How hard can it be to remove a folder in Windows? Part 4: random errors on empty folder

Random errors on empty folder

So it’s all good, we wrote our function to enumerate and recursively delete sub-folders and files, handled errors such as permission denied and read-only files and still: from time to time there are random errors with the error ERROR_DIR_NOT_EMPTY. Investigation shows that after the error occurred the directory is empty actually and can be deleted manually. What’s happening?

Stackoverflow

One of the most relevant searches leads to a Stackoverflow question titled Batch - Getting “The directory is not empty” on rmdir command:

Question

And the answer is … do it twice:

Answer 1

And the even better answer (with more votes) is … do it twice, but ignore errors and don’t log the first time:

Answer 2

That can’t be true, can it?

What’s happening

Windows has background services like the search indexer.

The purpose of this service is to allow a user to quickly find documents. A user can do a search in Windows Explorer and a list of documents containing those words can quickly be retrieved. This is achieved by the search indexer monitoring the filesystem for changes. When a change is detected, it waits a bit, to allow documents to be saved, then it tries to open the files where change was detected, tries to extract text content and update an index that is used for fast retrieval of search results. To minimize interactions with applications the search indexer opens files with flags that maximize sharing including FILE_SHARE_DELETE.

When we delete a file, if the file is also opened by another process with FILE_SHARE_DELETE, the function DeleteFileW reports success, but in reality the file is not yet deleted, it will be deleted when all the handles get closed. If that does not happen by the time we try to delete the parent folder, we get the error ERROR_DIR_NOT_EMPTY from RemoveDirectoryW.

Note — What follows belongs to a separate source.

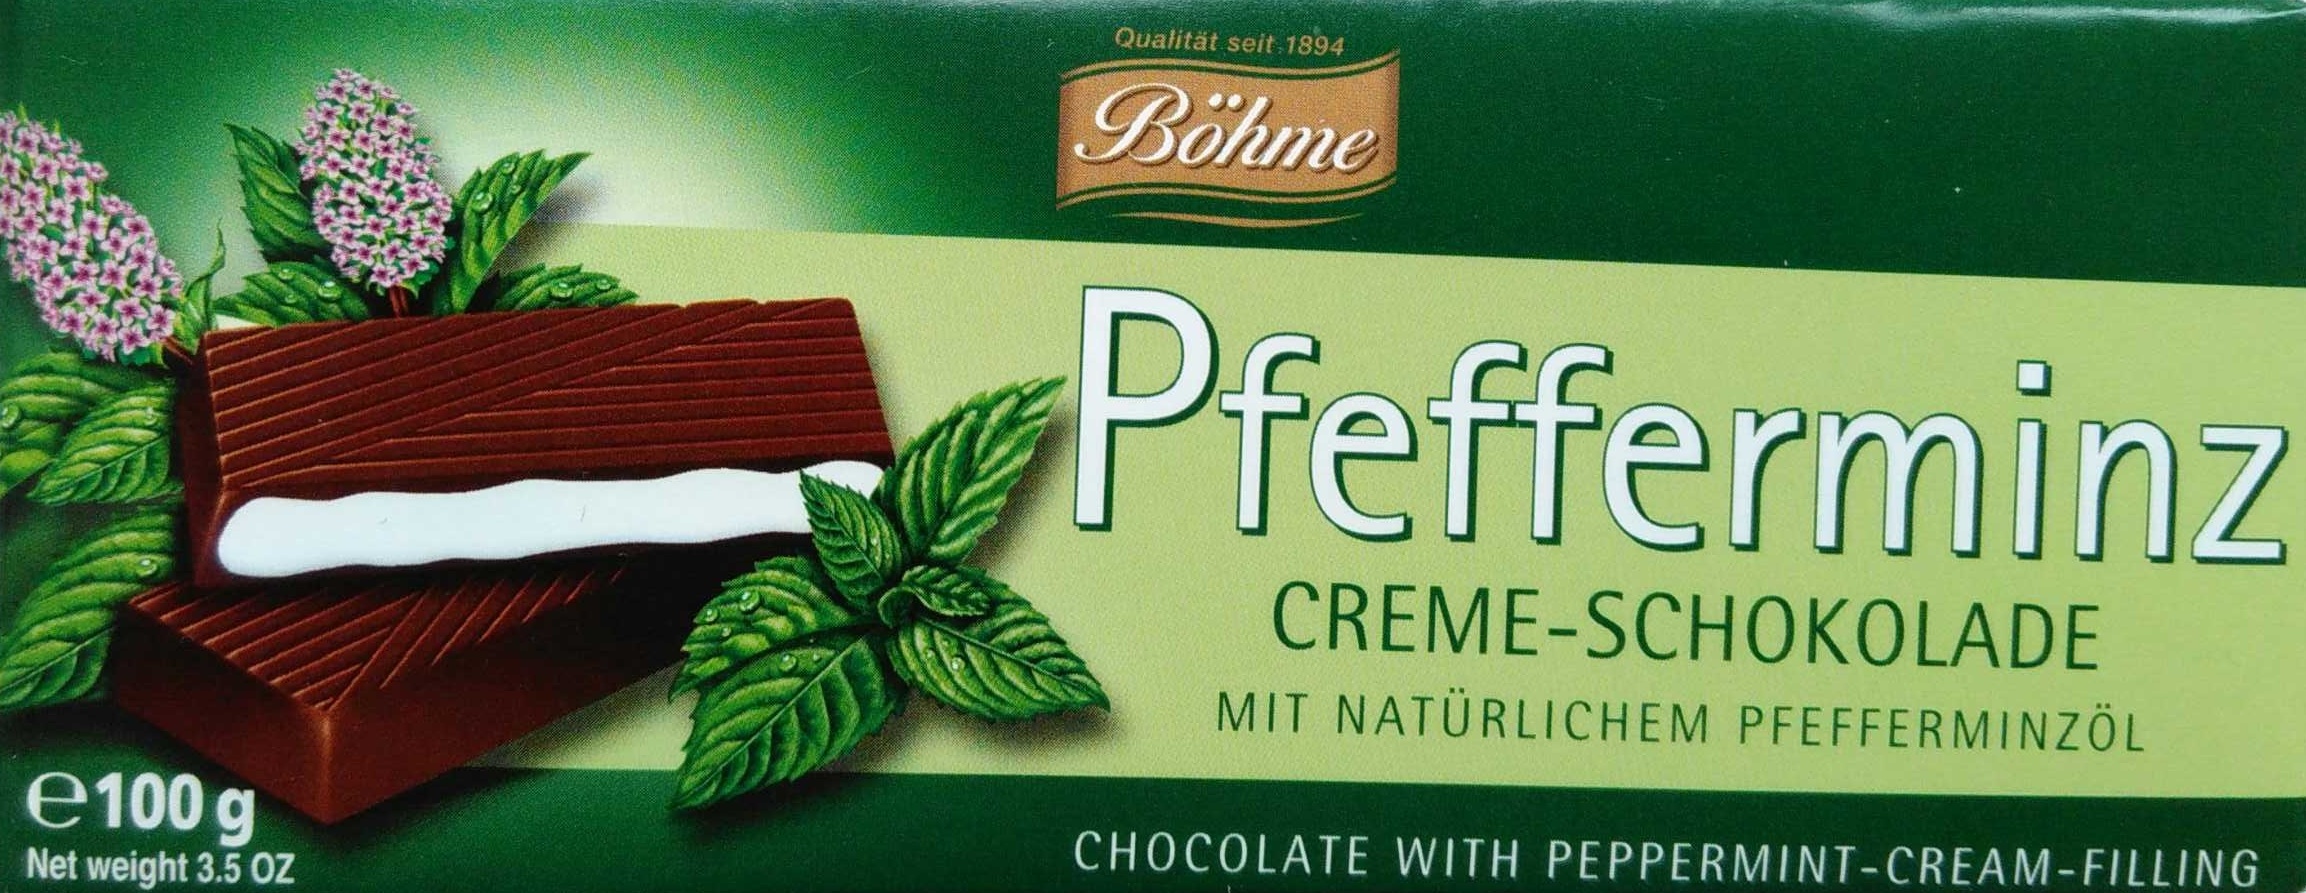 Pfefferminz-Creme-Schokolade - Product - de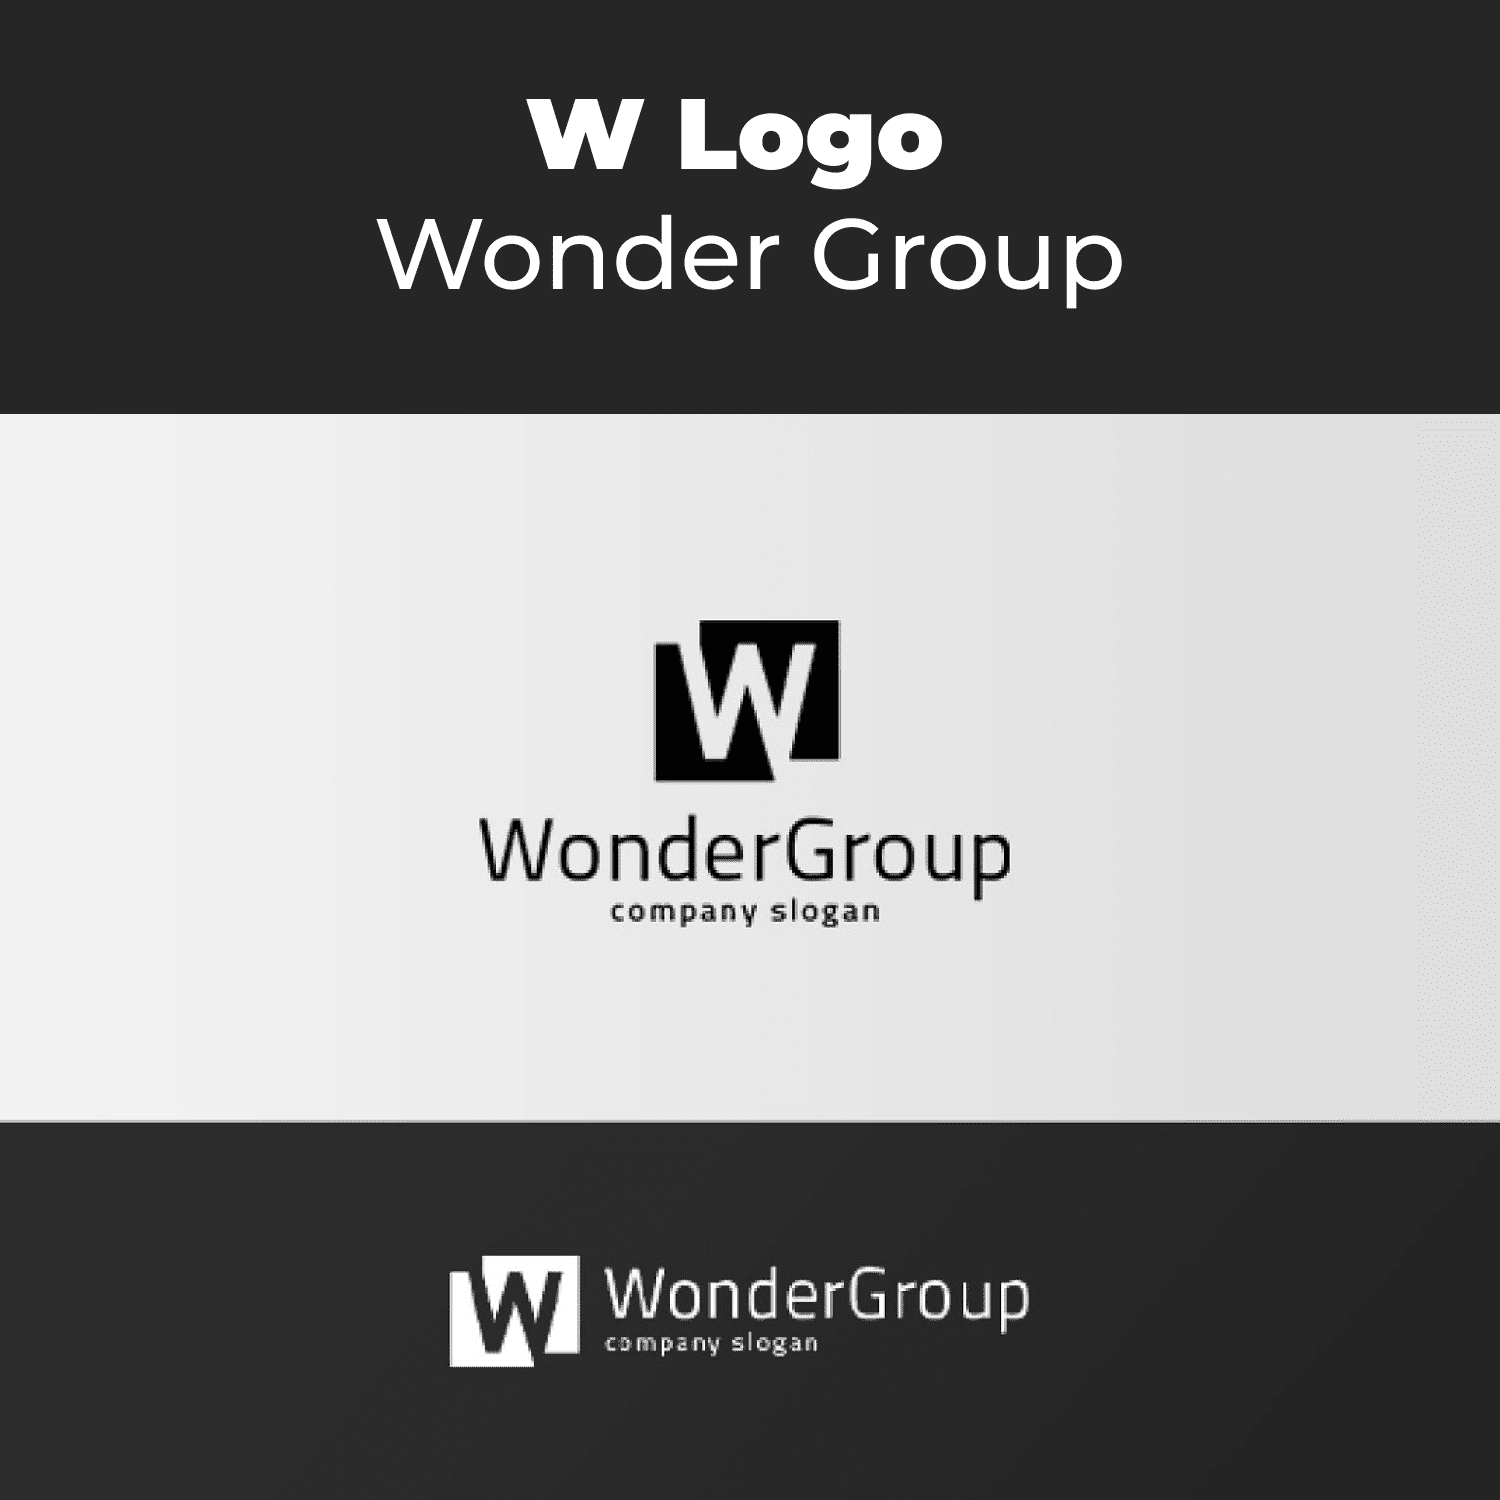 W Logo - Wonder Group.

What we see here is a consistency problem typical for distributed systems, except that we’re inside a single physical system with multiple threads. One way to look at it is that with regards to the question ‘does a file exist?’ there are multiple answers:

  • There is the actual, deep, origin, answer checked by functions such as RemoveDirectoryW and CreateFileW (which fails with ERROR_ACCESS_DENIED when creating a file on top of anther not deleted yet)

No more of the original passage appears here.